==== ENTRIES SUPPLIED ====

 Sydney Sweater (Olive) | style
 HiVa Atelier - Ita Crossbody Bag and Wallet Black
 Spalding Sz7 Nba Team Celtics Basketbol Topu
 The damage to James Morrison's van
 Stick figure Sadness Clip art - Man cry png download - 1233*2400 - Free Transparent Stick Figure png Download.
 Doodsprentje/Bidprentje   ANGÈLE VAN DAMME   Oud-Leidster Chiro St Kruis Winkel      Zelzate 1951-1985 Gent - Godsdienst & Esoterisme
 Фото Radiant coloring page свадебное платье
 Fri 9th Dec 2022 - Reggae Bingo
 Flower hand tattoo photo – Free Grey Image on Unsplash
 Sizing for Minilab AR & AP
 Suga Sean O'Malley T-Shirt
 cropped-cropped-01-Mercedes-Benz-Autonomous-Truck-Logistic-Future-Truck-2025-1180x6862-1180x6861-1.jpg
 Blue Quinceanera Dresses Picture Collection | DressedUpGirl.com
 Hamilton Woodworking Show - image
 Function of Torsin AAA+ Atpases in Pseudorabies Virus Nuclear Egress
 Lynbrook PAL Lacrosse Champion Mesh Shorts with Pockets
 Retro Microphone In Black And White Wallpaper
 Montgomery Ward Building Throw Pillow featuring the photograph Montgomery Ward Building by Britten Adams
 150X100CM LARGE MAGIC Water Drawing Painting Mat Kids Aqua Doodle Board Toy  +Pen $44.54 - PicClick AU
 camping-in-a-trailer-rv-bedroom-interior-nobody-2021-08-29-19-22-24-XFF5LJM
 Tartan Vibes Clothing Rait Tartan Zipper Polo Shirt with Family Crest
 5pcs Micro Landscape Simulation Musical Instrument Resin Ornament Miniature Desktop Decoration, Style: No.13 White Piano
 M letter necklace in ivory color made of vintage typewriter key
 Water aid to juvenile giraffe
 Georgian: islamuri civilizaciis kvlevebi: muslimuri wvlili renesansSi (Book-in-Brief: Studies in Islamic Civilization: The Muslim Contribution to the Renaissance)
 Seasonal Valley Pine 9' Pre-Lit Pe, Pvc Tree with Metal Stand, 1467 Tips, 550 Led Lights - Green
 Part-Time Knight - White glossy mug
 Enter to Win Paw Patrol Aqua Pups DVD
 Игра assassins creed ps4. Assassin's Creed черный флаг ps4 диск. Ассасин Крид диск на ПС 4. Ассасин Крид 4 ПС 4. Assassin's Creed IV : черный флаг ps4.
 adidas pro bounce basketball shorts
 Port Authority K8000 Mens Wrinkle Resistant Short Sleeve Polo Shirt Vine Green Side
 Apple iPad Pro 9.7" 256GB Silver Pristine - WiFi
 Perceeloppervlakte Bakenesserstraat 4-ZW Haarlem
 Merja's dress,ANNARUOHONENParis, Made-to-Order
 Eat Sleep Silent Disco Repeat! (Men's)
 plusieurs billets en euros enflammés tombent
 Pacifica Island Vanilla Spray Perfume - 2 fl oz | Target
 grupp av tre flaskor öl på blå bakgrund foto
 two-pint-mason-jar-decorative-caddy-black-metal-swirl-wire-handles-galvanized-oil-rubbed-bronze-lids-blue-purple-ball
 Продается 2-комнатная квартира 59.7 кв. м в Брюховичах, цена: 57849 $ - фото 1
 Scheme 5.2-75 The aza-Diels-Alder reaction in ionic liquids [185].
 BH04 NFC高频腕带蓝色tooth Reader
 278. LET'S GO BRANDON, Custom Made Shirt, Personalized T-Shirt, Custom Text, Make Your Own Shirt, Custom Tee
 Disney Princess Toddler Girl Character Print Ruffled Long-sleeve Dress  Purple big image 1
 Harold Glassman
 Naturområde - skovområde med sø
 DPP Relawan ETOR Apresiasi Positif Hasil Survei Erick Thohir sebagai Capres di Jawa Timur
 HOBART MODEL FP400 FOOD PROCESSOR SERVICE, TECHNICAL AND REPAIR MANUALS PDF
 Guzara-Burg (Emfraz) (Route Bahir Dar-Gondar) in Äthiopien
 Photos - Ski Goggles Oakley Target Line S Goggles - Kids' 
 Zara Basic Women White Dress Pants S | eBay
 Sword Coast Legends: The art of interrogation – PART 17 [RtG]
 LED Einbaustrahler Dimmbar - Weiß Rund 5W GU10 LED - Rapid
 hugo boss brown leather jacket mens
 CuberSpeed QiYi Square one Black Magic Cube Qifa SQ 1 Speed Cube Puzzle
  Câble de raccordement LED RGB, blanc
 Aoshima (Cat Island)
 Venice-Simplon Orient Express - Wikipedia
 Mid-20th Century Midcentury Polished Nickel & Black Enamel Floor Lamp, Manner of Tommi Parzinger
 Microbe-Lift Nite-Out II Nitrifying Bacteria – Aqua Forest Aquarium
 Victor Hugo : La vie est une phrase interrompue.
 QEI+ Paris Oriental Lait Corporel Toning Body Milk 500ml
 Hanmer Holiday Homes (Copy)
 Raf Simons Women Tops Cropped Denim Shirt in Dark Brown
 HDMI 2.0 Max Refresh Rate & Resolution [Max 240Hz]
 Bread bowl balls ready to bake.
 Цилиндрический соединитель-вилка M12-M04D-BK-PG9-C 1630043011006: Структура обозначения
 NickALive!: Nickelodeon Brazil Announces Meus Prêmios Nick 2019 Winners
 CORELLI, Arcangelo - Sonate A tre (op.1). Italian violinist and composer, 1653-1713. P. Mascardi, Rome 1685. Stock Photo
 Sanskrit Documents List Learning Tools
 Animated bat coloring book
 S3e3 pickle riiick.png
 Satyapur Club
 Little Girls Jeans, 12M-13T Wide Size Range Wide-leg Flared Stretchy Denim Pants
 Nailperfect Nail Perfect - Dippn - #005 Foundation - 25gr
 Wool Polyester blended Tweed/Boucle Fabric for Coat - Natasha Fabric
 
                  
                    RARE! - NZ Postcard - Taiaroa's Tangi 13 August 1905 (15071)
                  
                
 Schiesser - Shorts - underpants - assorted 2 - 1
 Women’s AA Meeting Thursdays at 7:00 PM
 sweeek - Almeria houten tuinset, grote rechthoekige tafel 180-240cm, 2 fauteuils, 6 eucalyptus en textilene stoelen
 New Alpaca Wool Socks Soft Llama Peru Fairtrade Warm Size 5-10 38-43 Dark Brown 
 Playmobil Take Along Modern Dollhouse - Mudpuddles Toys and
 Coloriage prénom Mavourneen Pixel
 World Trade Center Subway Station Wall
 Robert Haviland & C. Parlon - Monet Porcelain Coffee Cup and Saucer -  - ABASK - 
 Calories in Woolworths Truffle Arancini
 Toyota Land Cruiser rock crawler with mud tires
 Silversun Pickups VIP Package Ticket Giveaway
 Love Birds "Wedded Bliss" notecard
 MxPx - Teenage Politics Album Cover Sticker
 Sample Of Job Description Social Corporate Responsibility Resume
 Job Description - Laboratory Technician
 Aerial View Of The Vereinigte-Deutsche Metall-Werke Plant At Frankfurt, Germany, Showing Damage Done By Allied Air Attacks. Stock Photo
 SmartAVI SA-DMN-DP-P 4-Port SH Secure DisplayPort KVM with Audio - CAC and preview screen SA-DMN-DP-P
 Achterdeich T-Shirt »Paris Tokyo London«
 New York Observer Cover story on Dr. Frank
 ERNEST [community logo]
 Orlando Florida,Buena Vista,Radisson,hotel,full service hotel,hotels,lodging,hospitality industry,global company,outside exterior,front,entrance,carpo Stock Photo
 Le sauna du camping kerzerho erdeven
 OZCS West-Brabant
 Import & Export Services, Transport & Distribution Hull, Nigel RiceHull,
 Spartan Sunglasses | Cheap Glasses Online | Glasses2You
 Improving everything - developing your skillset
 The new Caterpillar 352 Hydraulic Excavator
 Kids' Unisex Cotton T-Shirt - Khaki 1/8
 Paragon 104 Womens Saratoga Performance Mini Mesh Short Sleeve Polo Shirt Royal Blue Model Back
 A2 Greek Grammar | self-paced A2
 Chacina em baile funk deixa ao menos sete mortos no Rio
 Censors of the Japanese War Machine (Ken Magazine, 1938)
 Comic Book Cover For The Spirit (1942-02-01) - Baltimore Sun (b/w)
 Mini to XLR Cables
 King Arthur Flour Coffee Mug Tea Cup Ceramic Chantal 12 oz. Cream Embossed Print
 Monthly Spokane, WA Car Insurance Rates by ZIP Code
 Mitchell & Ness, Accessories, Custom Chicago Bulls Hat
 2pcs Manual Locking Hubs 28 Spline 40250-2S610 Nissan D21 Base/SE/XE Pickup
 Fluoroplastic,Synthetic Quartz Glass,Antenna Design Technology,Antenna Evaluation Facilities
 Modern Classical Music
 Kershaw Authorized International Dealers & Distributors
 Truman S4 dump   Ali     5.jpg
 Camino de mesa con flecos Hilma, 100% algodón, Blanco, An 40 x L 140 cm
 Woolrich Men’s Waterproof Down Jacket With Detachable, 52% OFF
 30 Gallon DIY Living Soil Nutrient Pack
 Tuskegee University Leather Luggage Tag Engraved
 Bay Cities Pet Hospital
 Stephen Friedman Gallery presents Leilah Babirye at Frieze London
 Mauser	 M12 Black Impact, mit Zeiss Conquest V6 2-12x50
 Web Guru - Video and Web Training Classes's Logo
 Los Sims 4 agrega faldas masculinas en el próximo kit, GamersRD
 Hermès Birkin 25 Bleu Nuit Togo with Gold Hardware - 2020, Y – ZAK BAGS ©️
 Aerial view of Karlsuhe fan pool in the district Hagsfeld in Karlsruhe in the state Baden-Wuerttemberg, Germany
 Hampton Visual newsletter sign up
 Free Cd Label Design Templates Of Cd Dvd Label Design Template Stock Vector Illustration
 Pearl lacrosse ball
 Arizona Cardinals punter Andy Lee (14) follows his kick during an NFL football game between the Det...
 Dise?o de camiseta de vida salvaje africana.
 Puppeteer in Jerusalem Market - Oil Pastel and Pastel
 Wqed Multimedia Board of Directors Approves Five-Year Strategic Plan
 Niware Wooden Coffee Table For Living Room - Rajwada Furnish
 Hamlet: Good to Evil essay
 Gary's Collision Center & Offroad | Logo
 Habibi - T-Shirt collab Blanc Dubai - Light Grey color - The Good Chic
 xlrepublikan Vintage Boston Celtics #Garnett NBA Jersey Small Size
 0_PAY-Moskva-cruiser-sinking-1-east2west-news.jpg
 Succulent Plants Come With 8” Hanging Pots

====

* YOUR ASSIGNMENT
Your answer must consist solely of the lines above between the line holding "Robert Haviland &" and the line holding "Kids' Unisex Cotton T-Shirt - Khaki 1/8", inclusive, copied exactly.

* FINISHED TASK
 Robert Haviland & C. Parlon - Monet Porcelain Coffee Cup and Saucer -  - ABASK - 
 Calories in Woolworths Truffle Arancini
 Toyota Land Cruiser rock crawler with mud tires
 Silversun Pickups VIP Package Ticket Giveaway
 Love Birds "Wedded Bliss" notecard
 MxPx - Teenage Politics Album Cover Sticker
 Sample Of Job Description Social Corporate Responsibility Resume
 Job Description - Laboratory Technician
 Aerial View Of The Vereinigte-Deutsche Metall-Werke Plant At Frankfurt, Germany, Showing Damage Done By Allied Air Attacks. Stock Photo
 SmartAVI SA-DMN-DP-P 4-Port SH Secure DisplayPort KVM with Audio - CAC and preview screen SA-DMN-DP-P
 Achterdeich T-Shirt »Paris Tokyo London«
 New York Observer Cover story on Dr. Frank
 ERNEST [community logo]
 Orlando Florida,Buena Vista,Radisson,hotel,full service hotel,hotels,lodging,hospitality industry,global company,outside exterior,front,entrance,carpo Stock Photo
 Le sauna du camping kerzerho erdeven
 OZCS West-Brabant
 Import & Export Services, Transport & Distribution Hull, Nigel RiceHull,
 Spartan Sunglasses | Cheap Glasses Online | Glasses2You
 Improving everything - developing your skillset
 The new Caterpillar 352 Hydraulic Excavator
 Kids' Unisex Cotton T-Shirt - Khaki 1/8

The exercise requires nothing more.